**WHAT THE EXERCISE ASKS:** Reproduce from the records below, with no pictures, exactly the lines between the one containing "Menu Card Design" and the one containing "Diorama ruins dusk", inclusive.

**EXTRACTED MATERIAL:**
══════════════════════════════

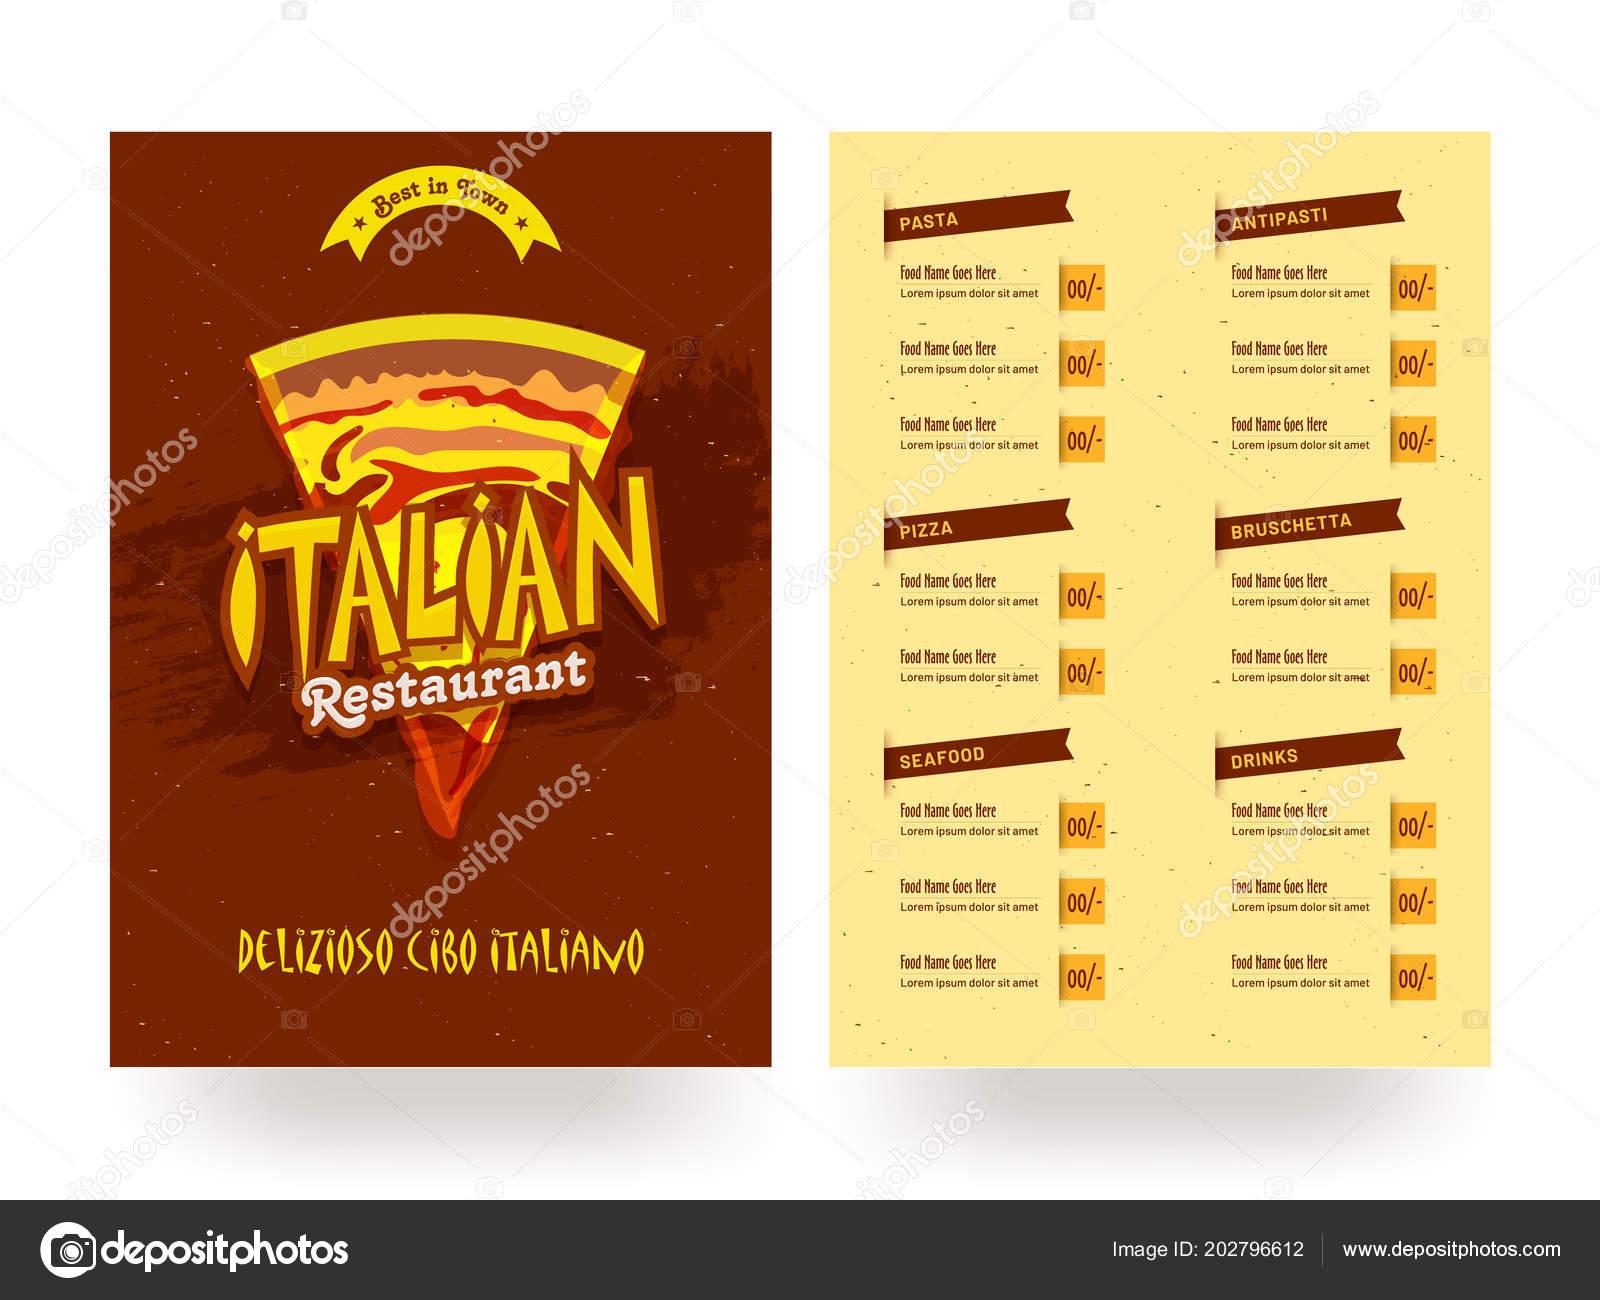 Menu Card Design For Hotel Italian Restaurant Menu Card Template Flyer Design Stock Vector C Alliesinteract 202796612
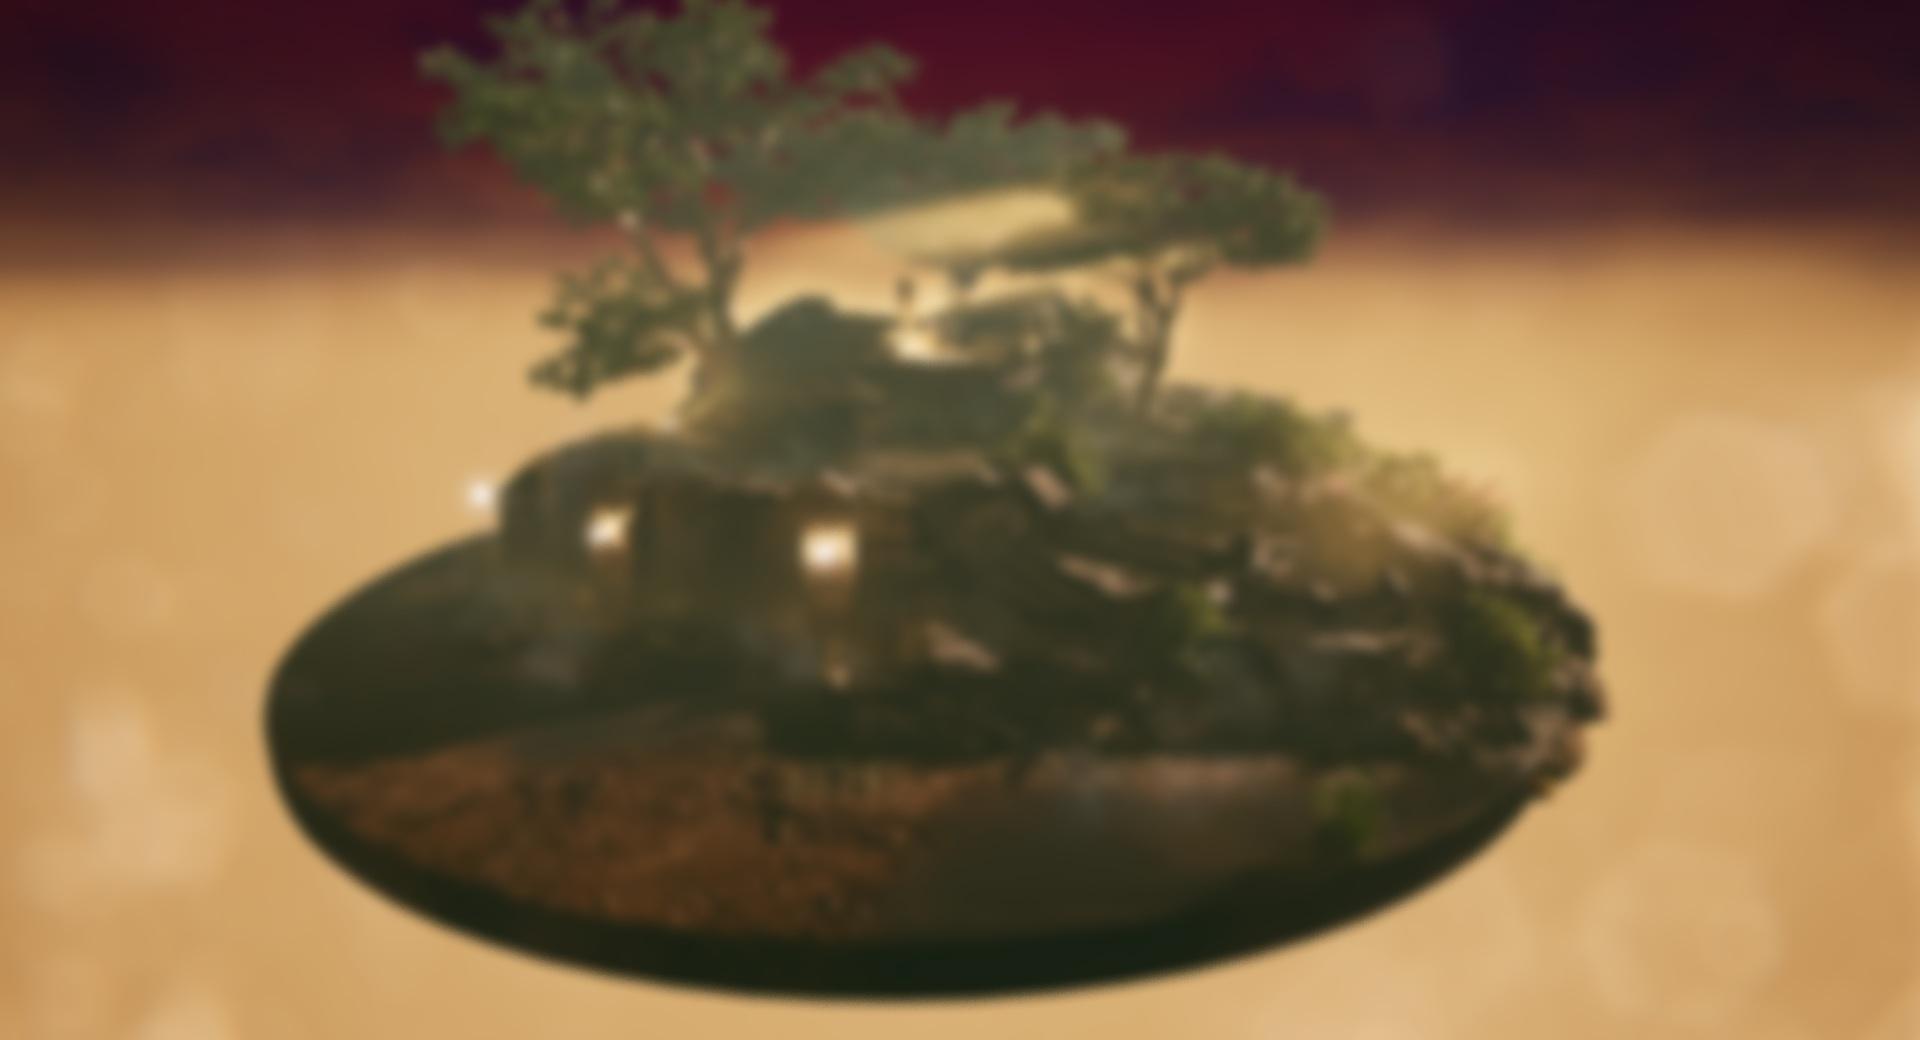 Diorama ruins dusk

══════════════════════════════

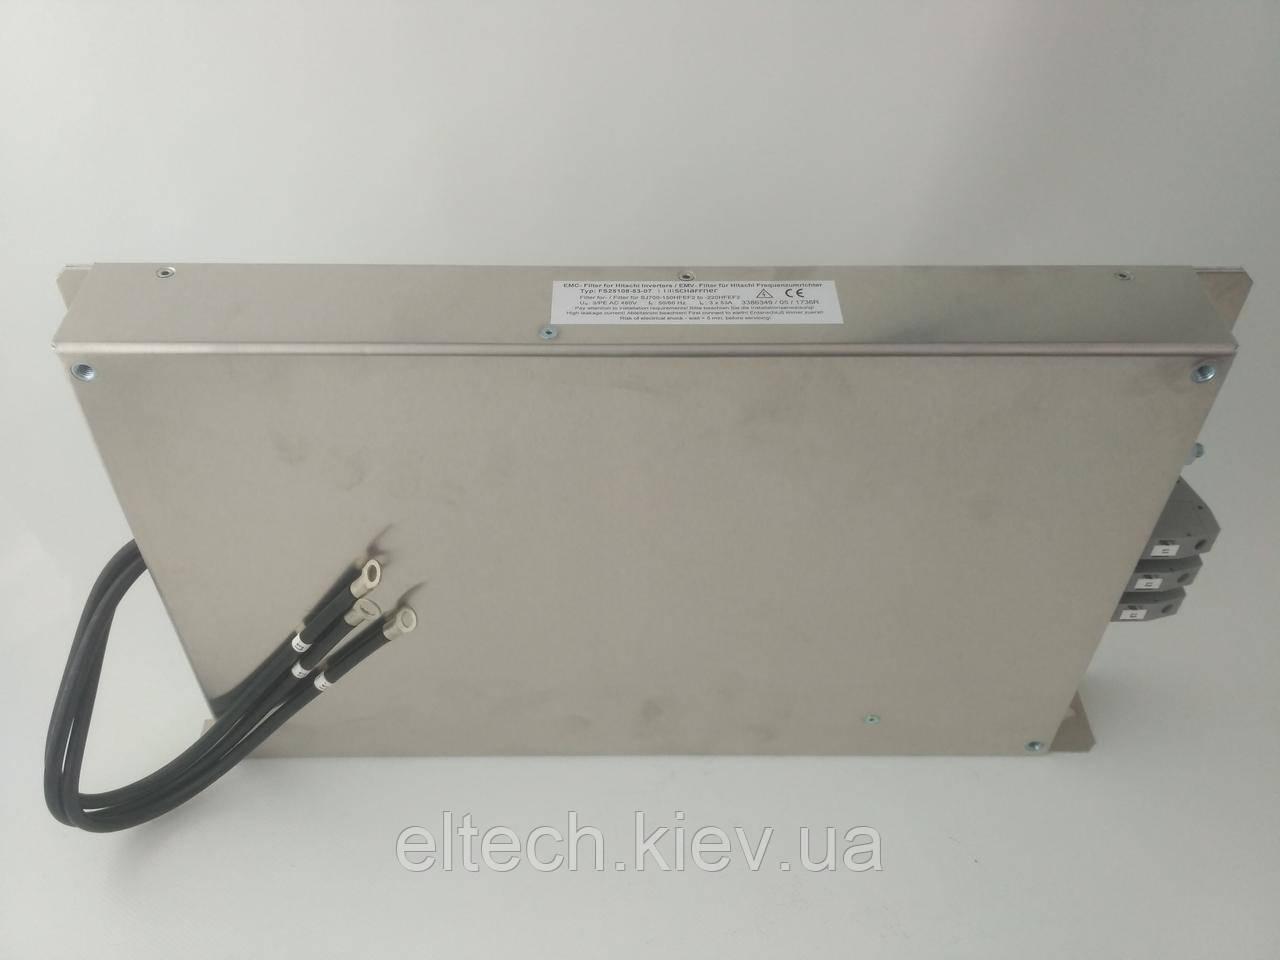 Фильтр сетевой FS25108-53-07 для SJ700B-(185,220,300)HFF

══════════════════════════════

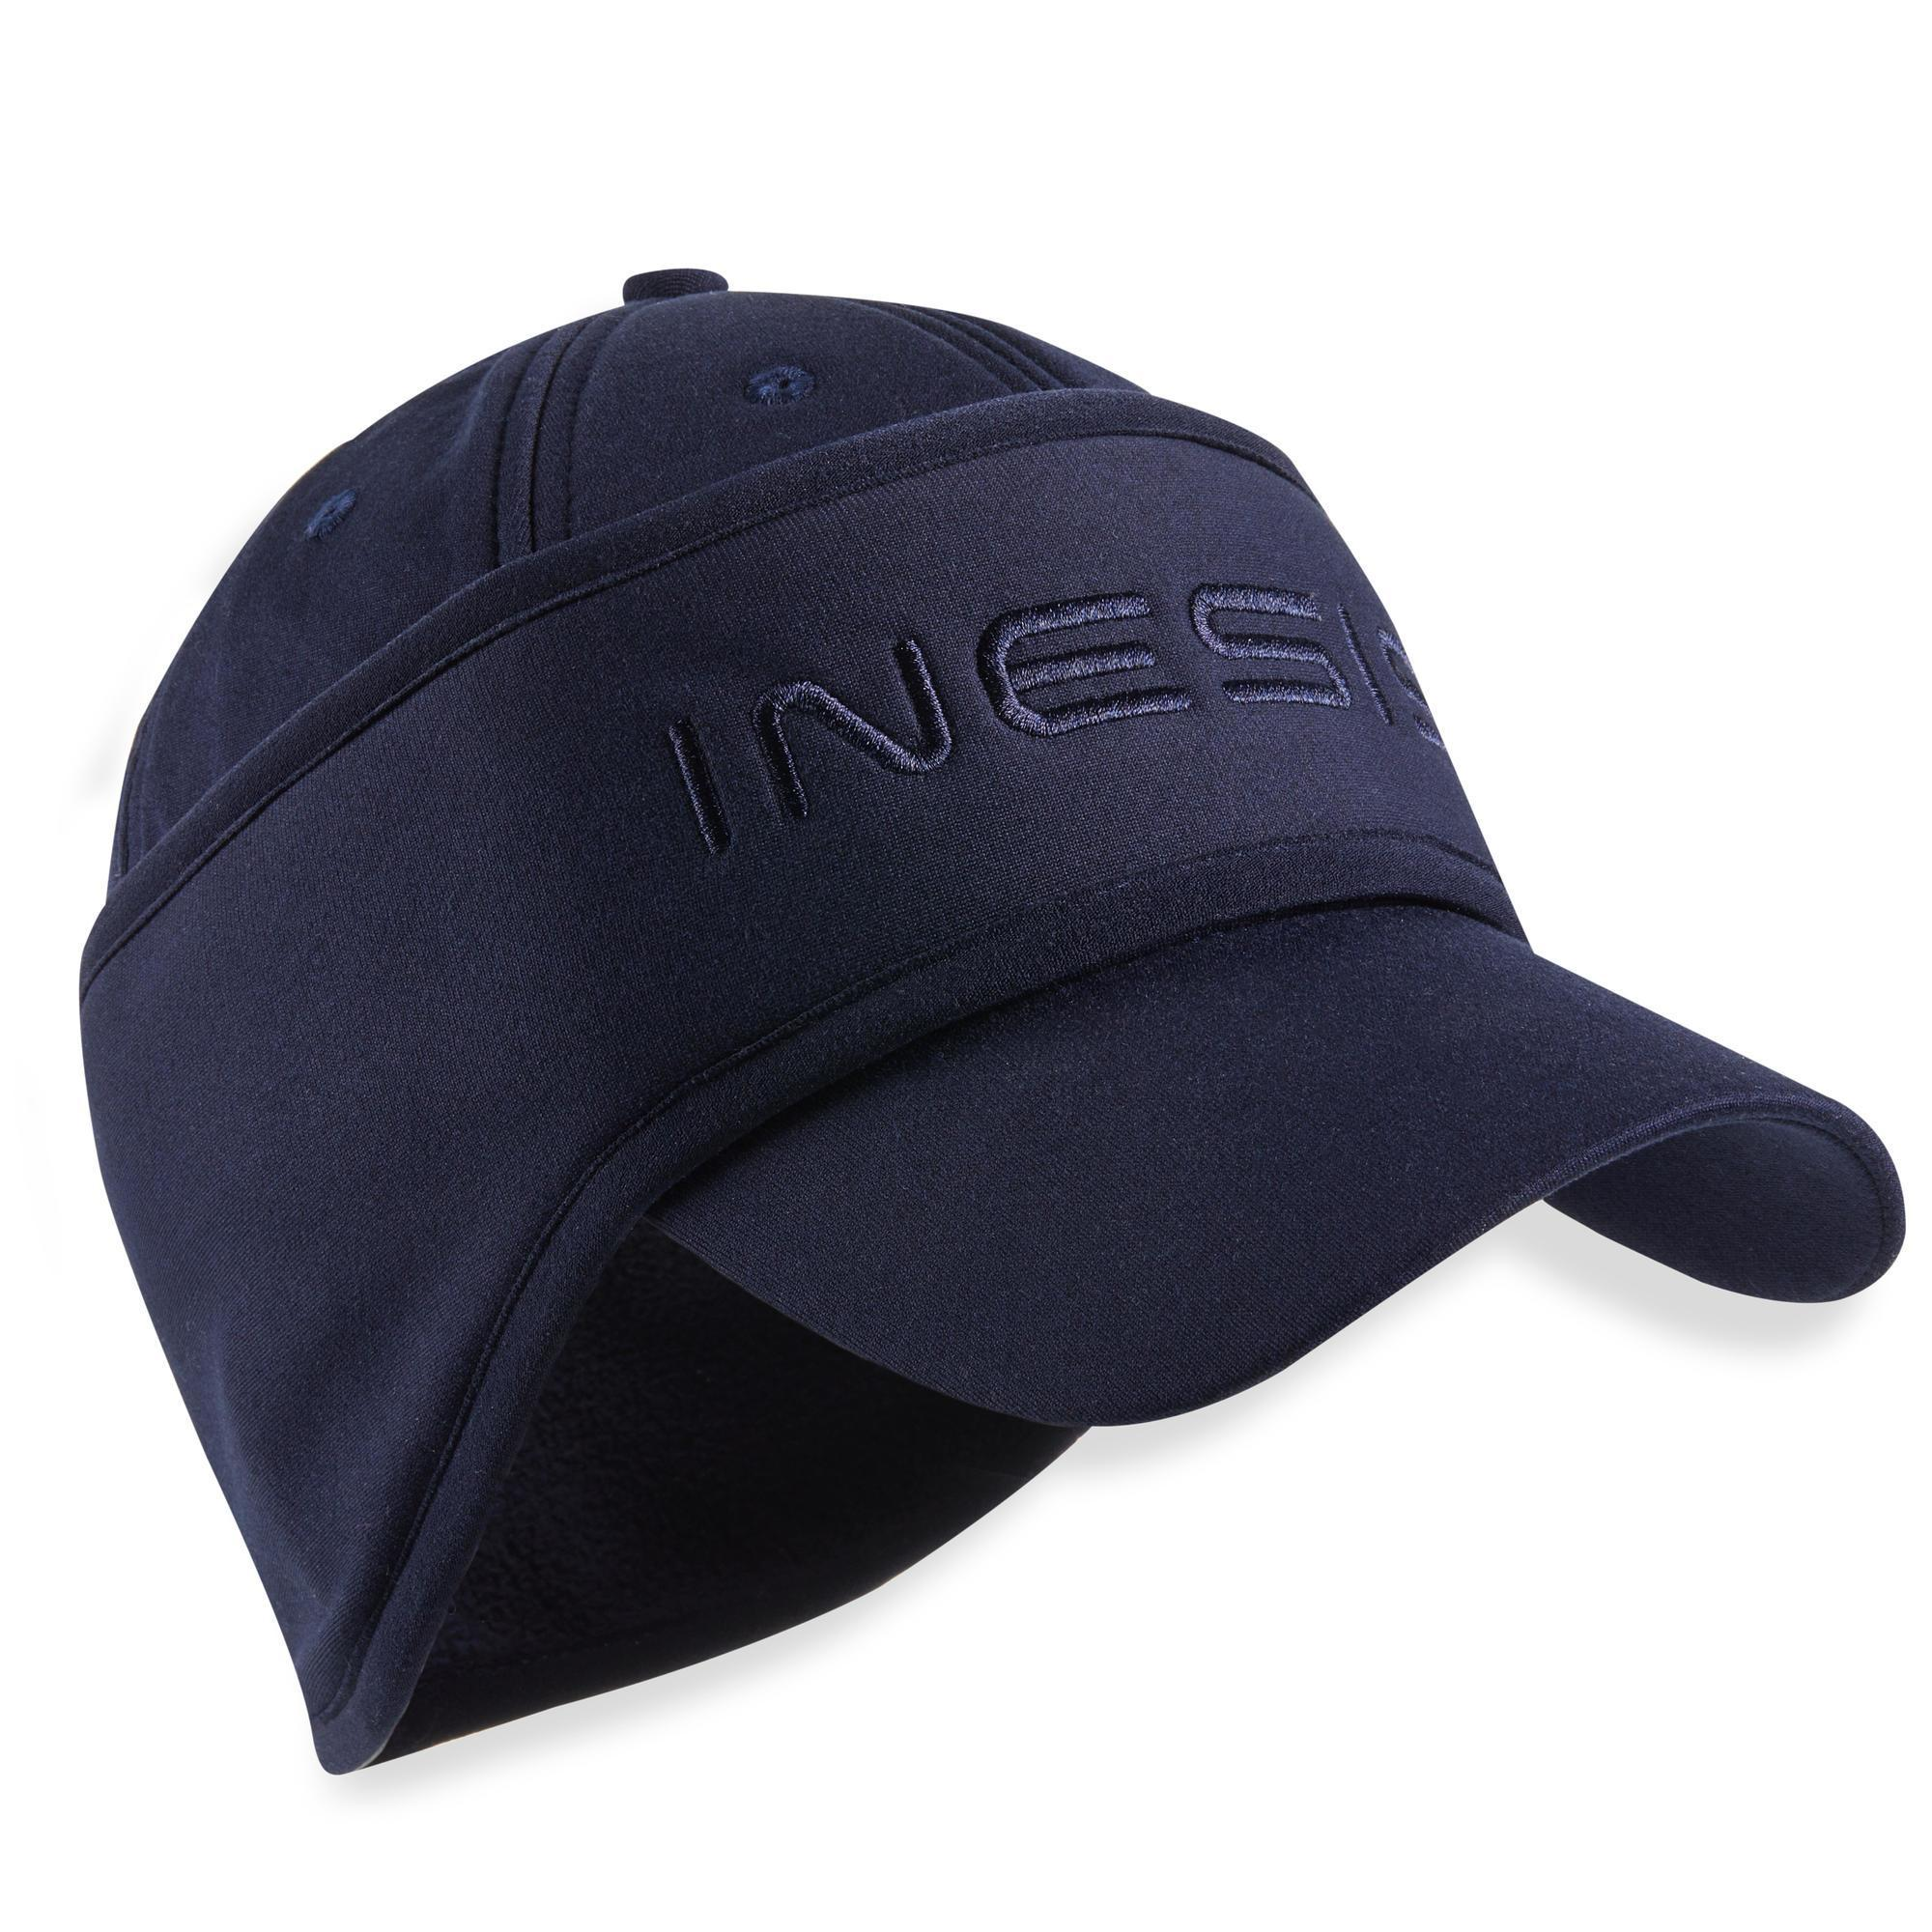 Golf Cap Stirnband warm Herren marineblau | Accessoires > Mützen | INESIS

══════════════════════════════

**SOLUTION FOR THIS EXERCISE:**
 Menu Card Design For Hotel Italian Restaurant Menu Card Template Flyer Design Stock Vector C Alliesinteract 202796612
 Diorama ruins dusk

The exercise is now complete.